What you have to do: Range to repeat from the listing below: the line containing "climbing kilimanjaro ..." down to the line containing "Dawson's creek tv show", both included. Copy it exactly, pictures excluded, and add nothing else.

Records to use:
===

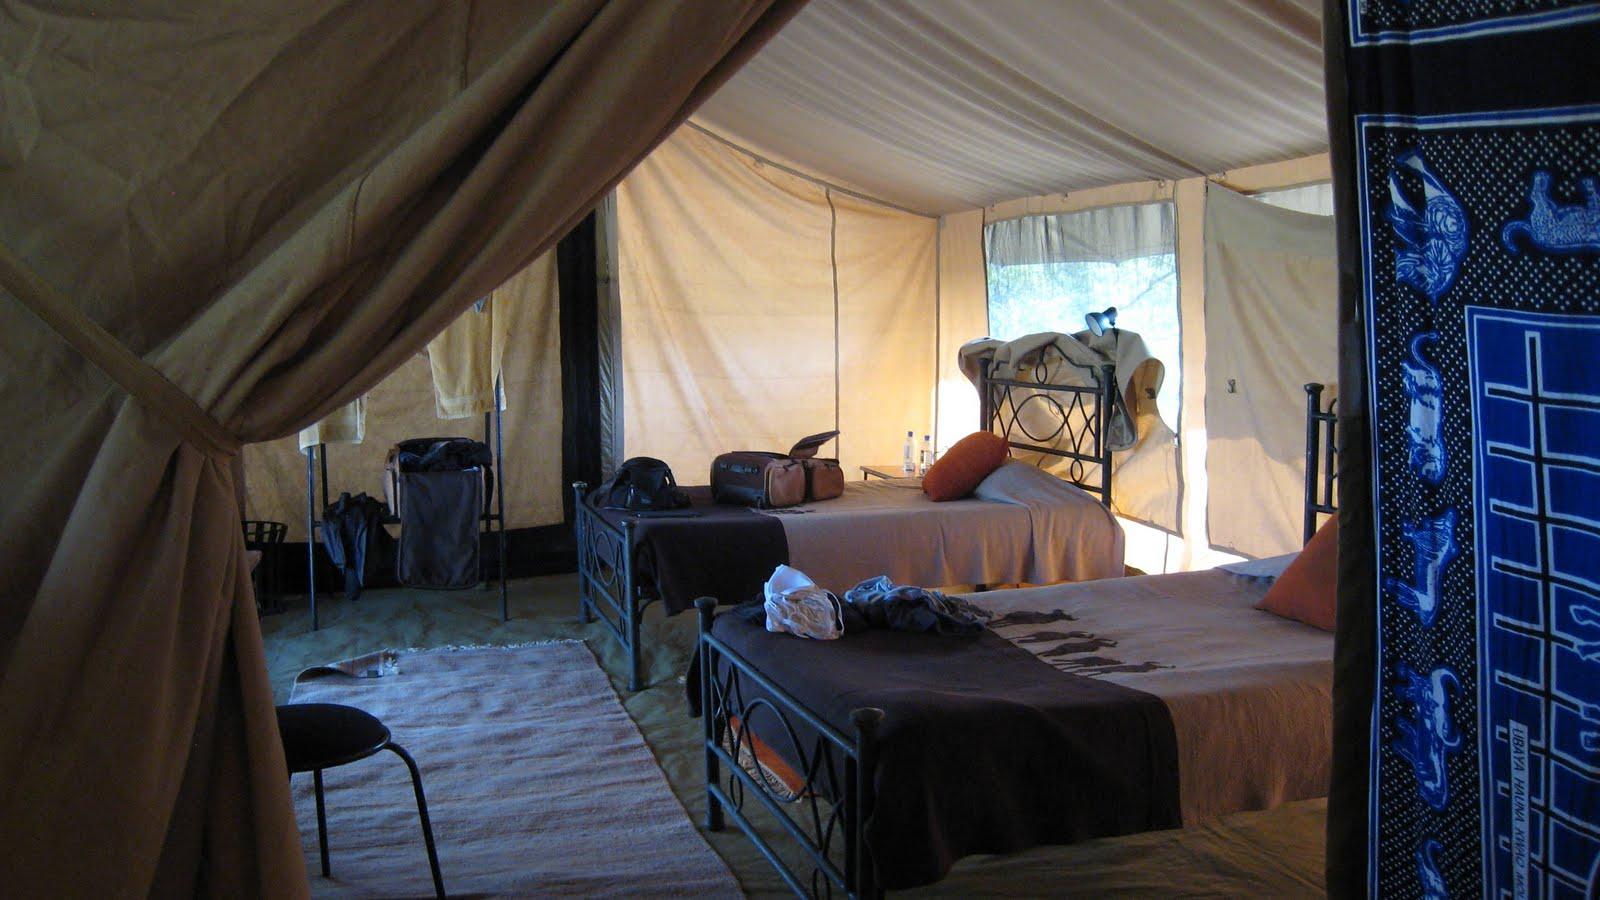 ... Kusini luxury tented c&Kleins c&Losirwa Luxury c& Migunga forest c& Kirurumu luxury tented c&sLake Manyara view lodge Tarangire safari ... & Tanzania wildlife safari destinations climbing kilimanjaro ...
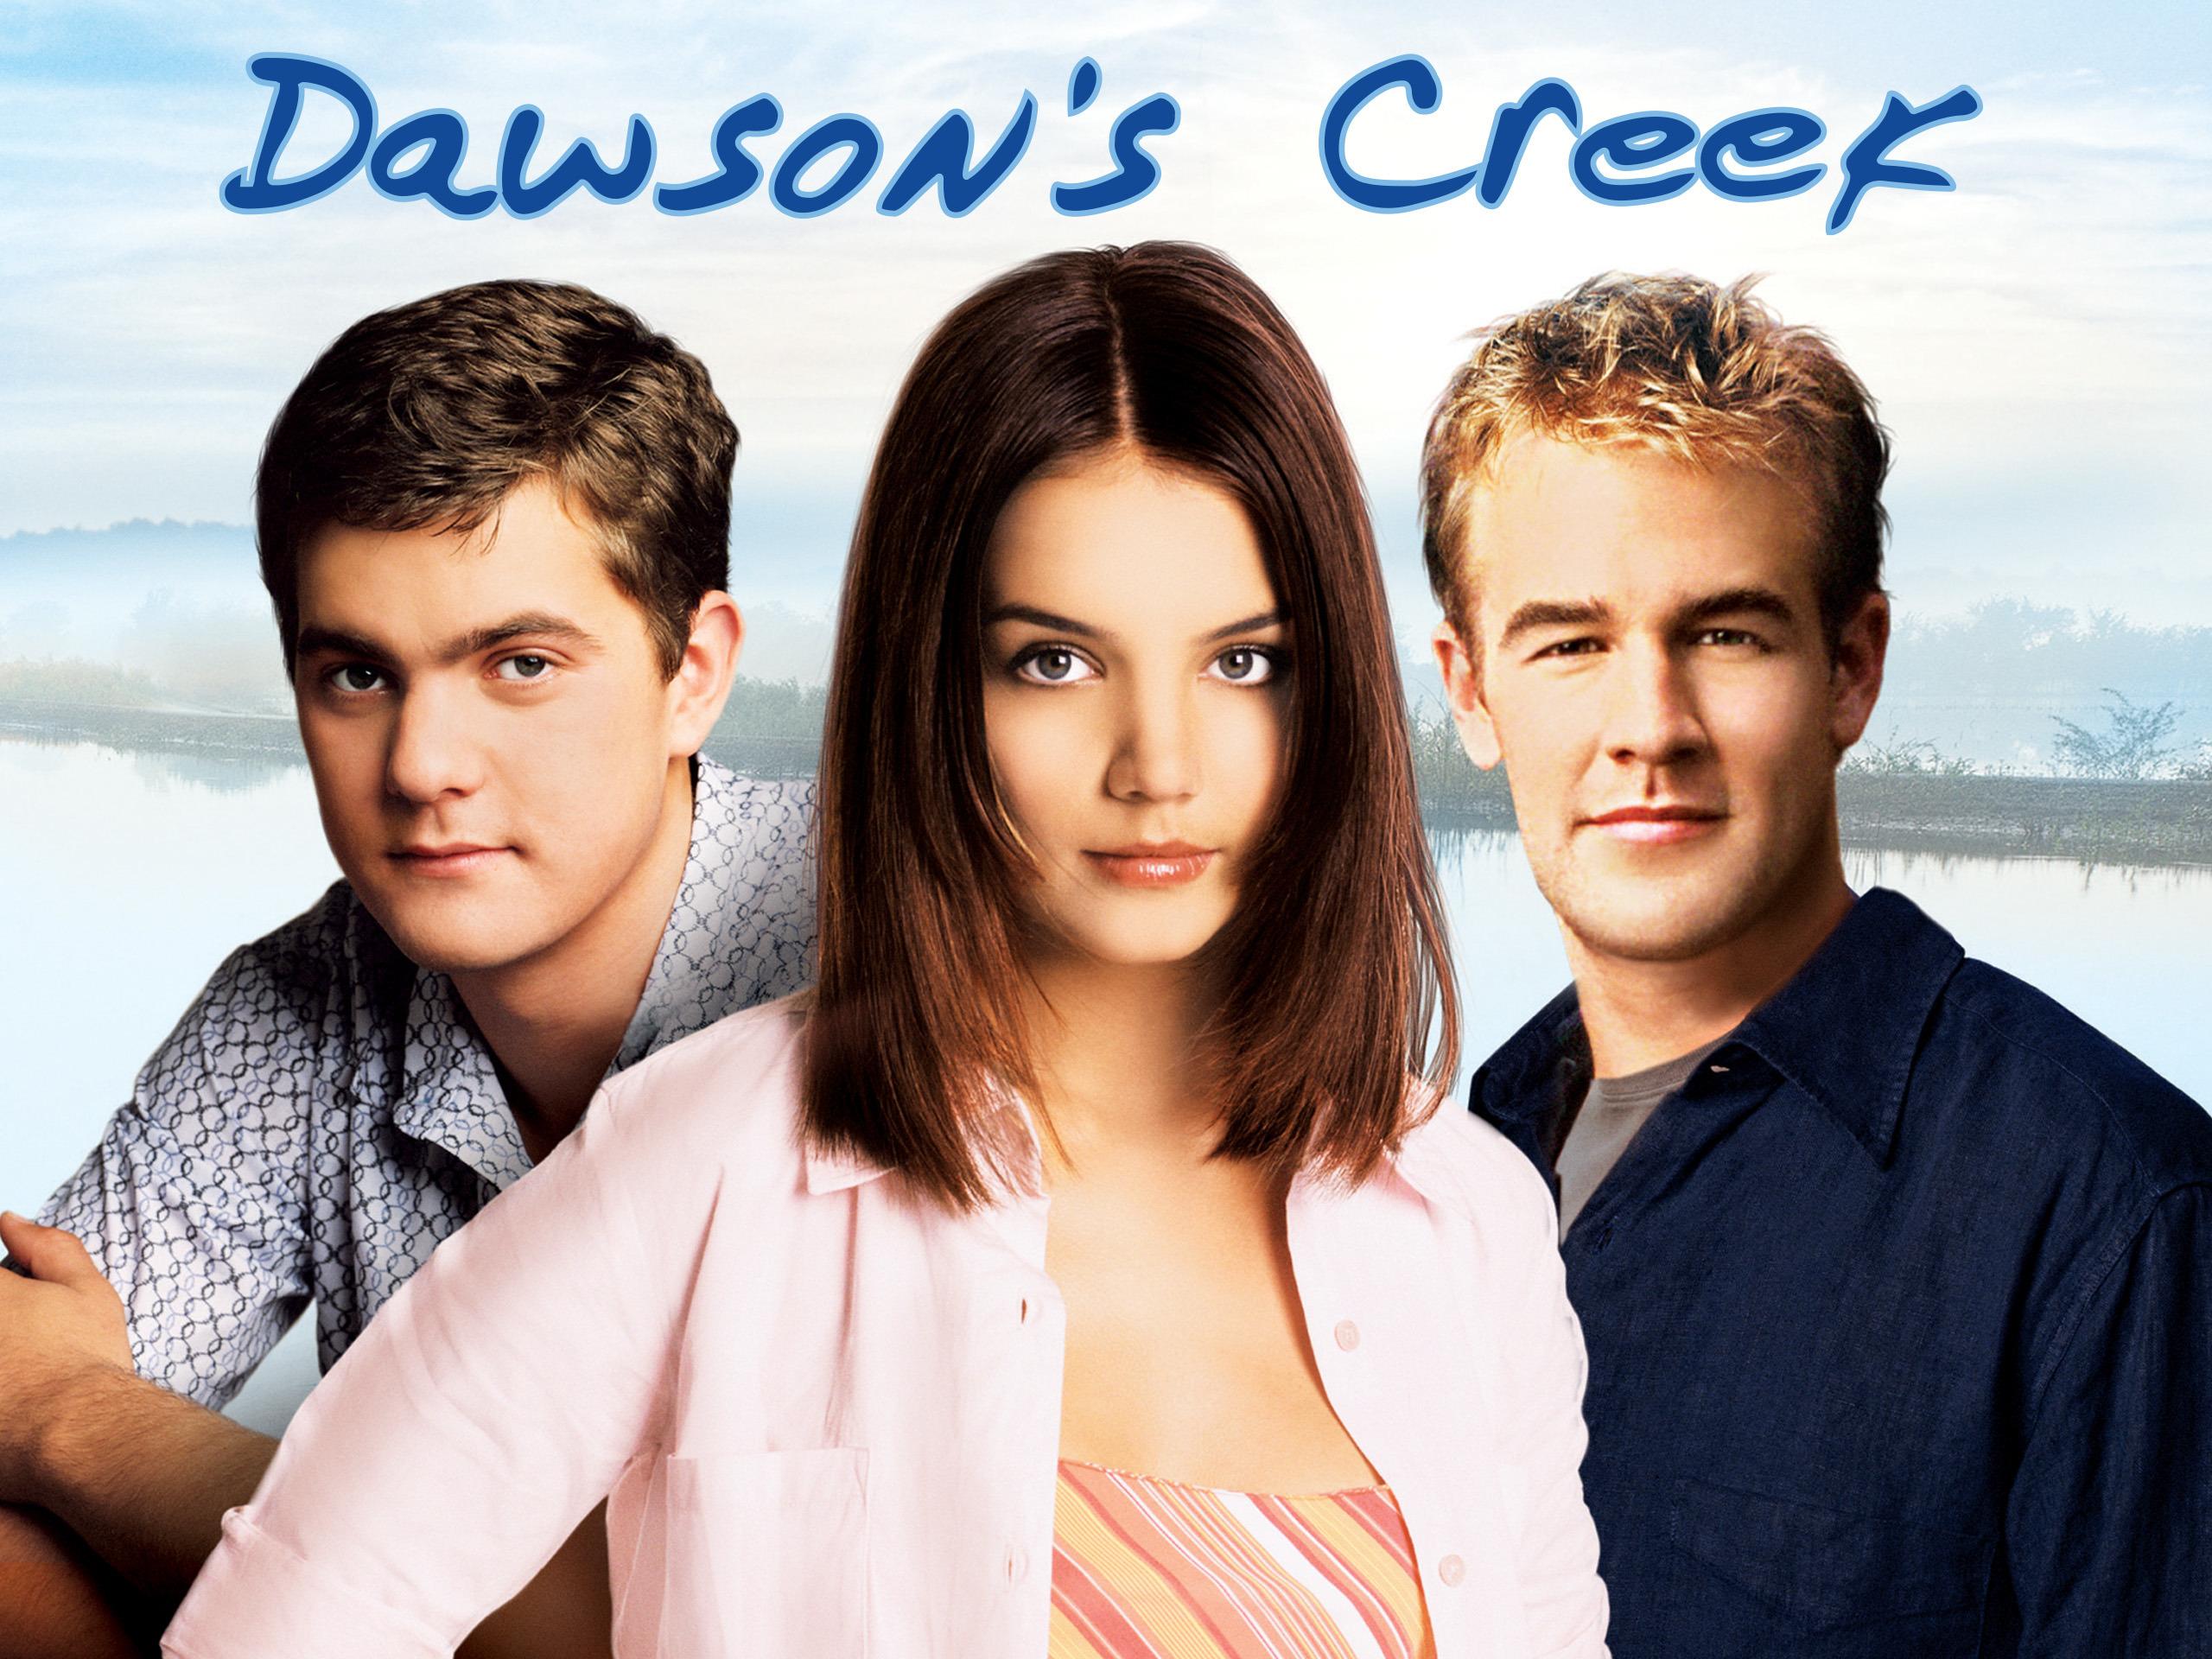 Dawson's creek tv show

===

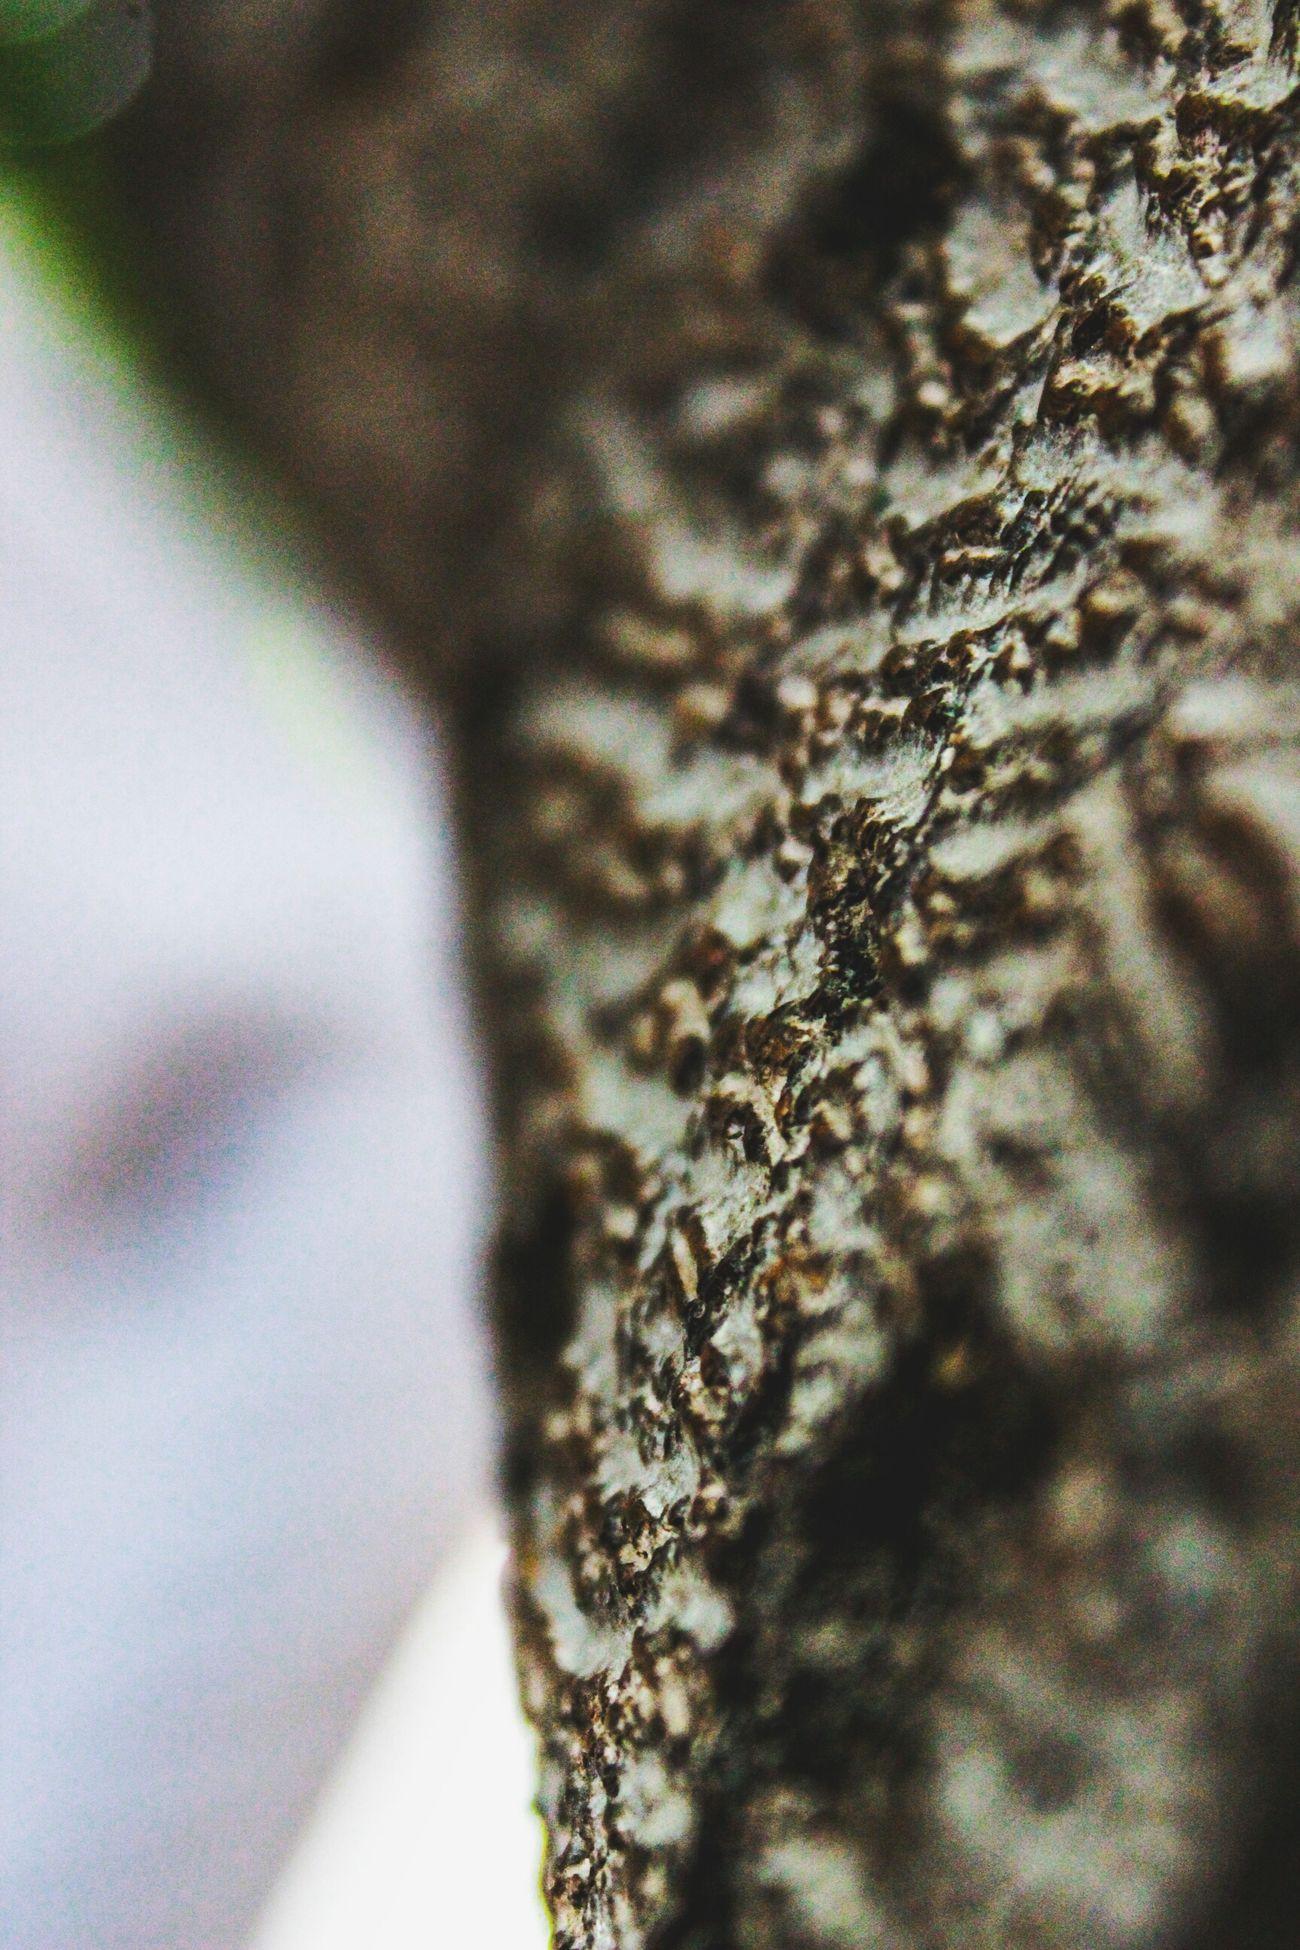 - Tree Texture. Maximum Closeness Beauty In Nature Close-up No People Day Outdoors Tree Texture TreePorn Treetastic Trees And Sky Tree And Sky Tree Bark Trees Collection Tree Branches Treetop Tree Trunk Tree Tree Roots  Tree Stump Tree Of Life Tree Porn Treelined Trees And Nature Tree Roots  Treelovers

===

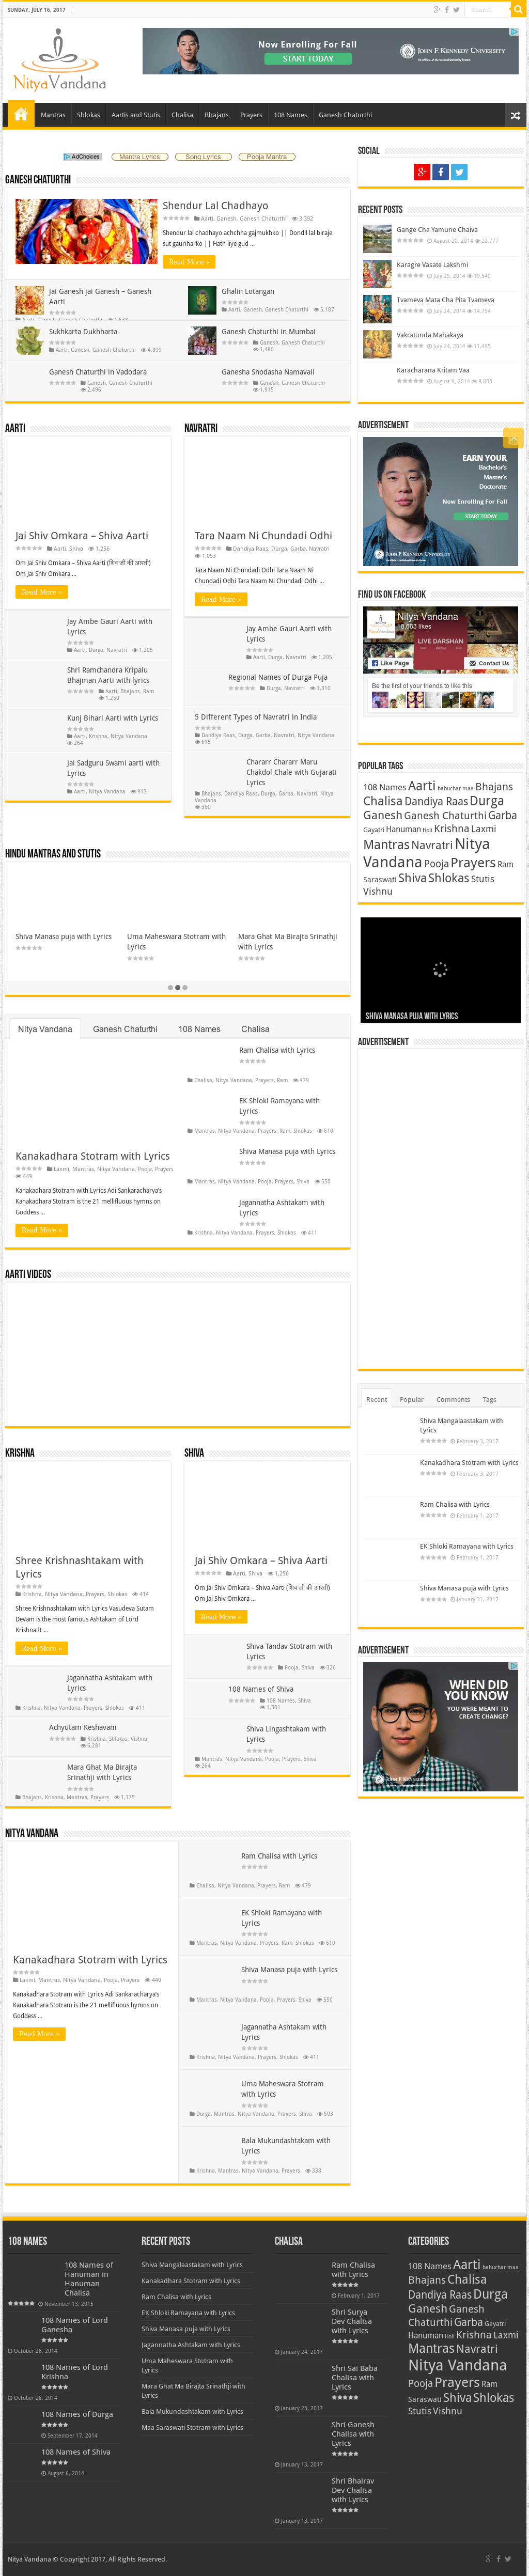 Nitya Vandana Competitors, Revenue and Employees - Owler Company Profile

===

Written response:
 ... Kusini luxury tented c&Kleins c&Losirwa Luxury c& Migunga forest c& Kirurumu luxury tented c&sLake Manyara view lodge Tarangire safari ... & Tanzania wildlife safari destinations climbing kilimanjaro ...
 Dawson's creek tv show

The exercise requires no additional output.